I want to talk to everyone about their project idea before the end of the semester. In order to use our discussion time efficiently, I'd like to prepare a bit. Thus, everyone should please send me a project sketch in advance. Use the link to the Google Form that you were given in class.
Your project sketch should be roughly half a page to a page in length. Please include information on the following points:
- What is the problem you want to solve? Why is it interesting? How is it related to the topics and methods of this class?
- What algorithms and datasets do you plan to use? Will you implement the algorithms or train the mdoels yourself, or will you use off-the-shelf components? Are the datasets available in the form that you need, or will you have to label or tag them yourself?
- What is the intended outcome of the project? What will we learn from it that we couldn't have predicted beforehand? How will you evaluate the quality of your solution?
- Done is better than perfect. As you plan your work, make sure that you build and evaluate a simple baseline system first, so you have all the parts in place. You can then build out from the baseline implementation to include interesting ideas. This will help you structure your work and also give you something to submit in case something goes wrong later. It is much better to submit an imperfect, but working solution than to aim for a complicated solution that you can't get done in time.
- That said, I will evaluate the creativity of your project and your solution. All else being equal, you will get a better grade for a project that required you to make design choices of your own (modeling, preprocessing, etc.) than for one where you only reimplement someone else’s ideas.
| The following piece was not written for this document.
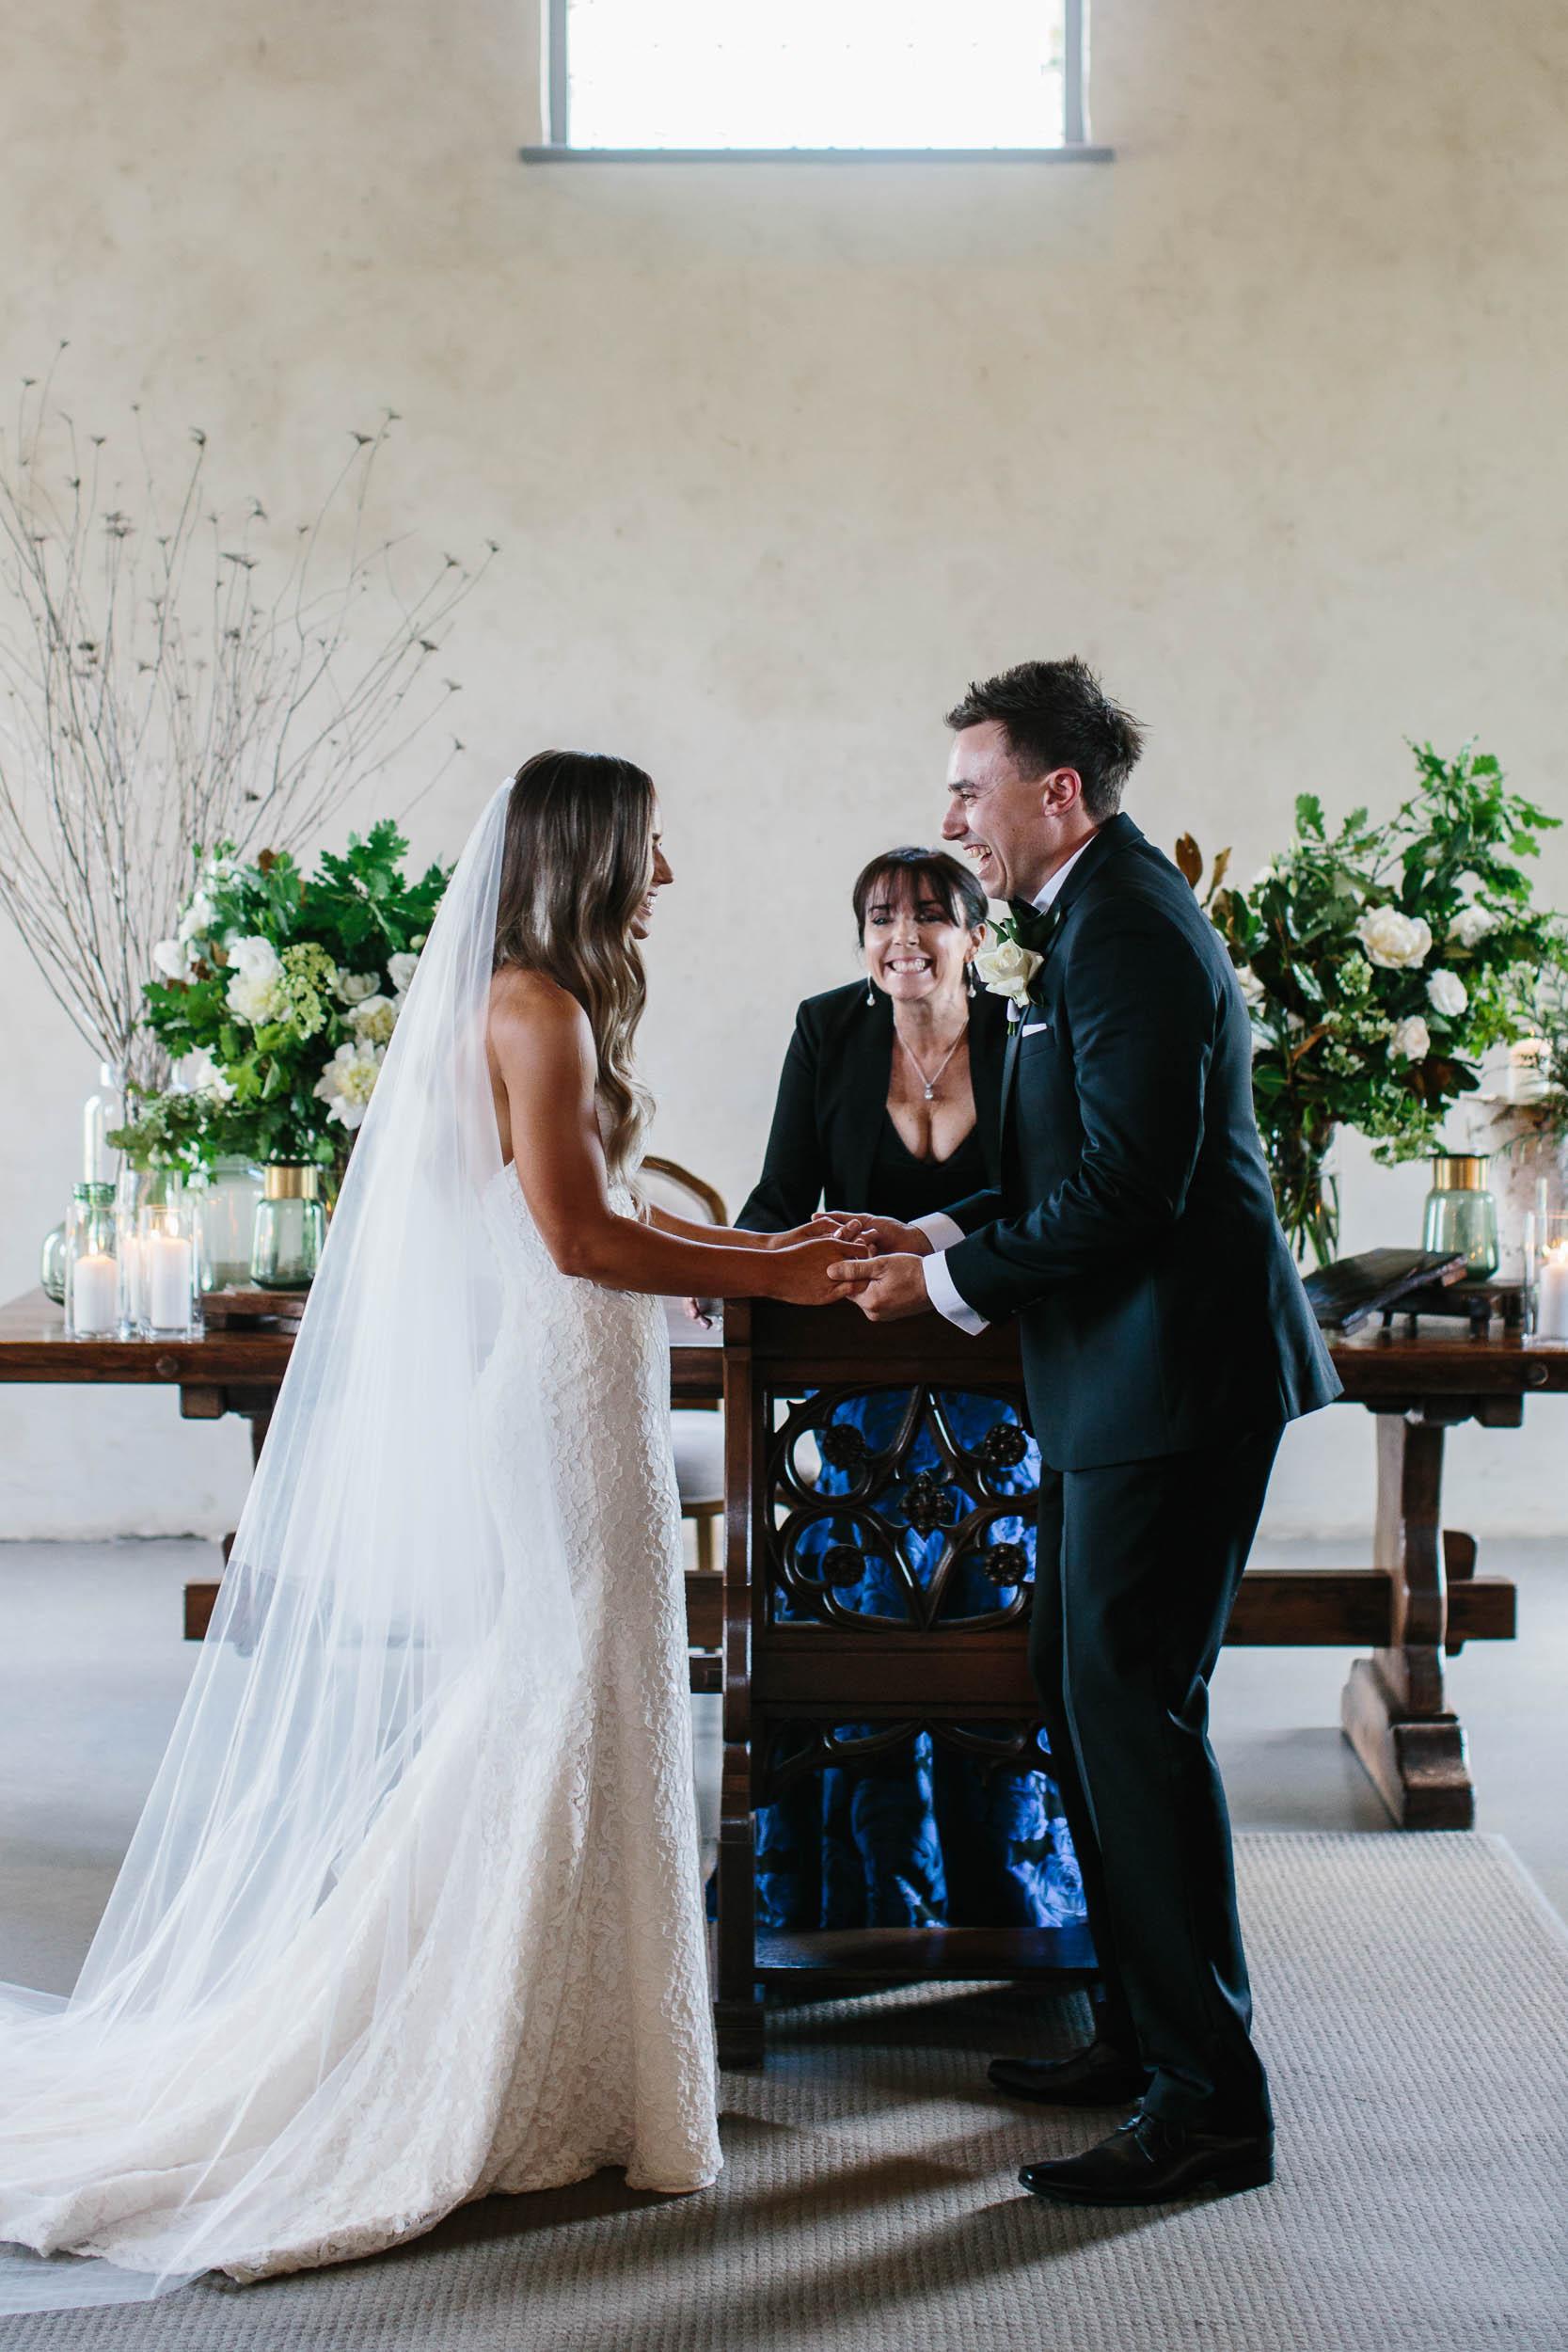 Kas-Richards-Stones-of-the-Yarra-Valley-Wedding-374.jpg

- It is okay to use off-the-shelf tools and resources in the final projects, as long as there is sufficient technical substance in what you did yourself. Using off-the-shelf resources can be a great way to be able to focus on (and finish) the interesting part of your project, or to get started quickly even if you later replace the off-the-shelf resource with one of your own making.
- Write the project report with the intention of explaining your work to a fellow student who has successfully attended this class. You can assume as known anything we talked about in class. At the same time, make sure you explain what task you are solving and why it is interesting, and explain how you are solving it so your fellow student can understand the core idea. Evaluate your system, discuss to what extent you have solved the task, and maybe speculate on ways in which your system could be improved. You can talk about related work if you find it useful, but I don't expect a comprehensive literature review here. A typical project report that achieves this will typically have 5-10 pages. Please don't make them much longer - I have to read a lot of them.
- I won't be able to give you further feedback on your project or answer questions after we discuss it in the final week of the semester. However, feel free to talk to each other to brainstorm or work through difficult bits - just make sure that your programming and writing is fully your own.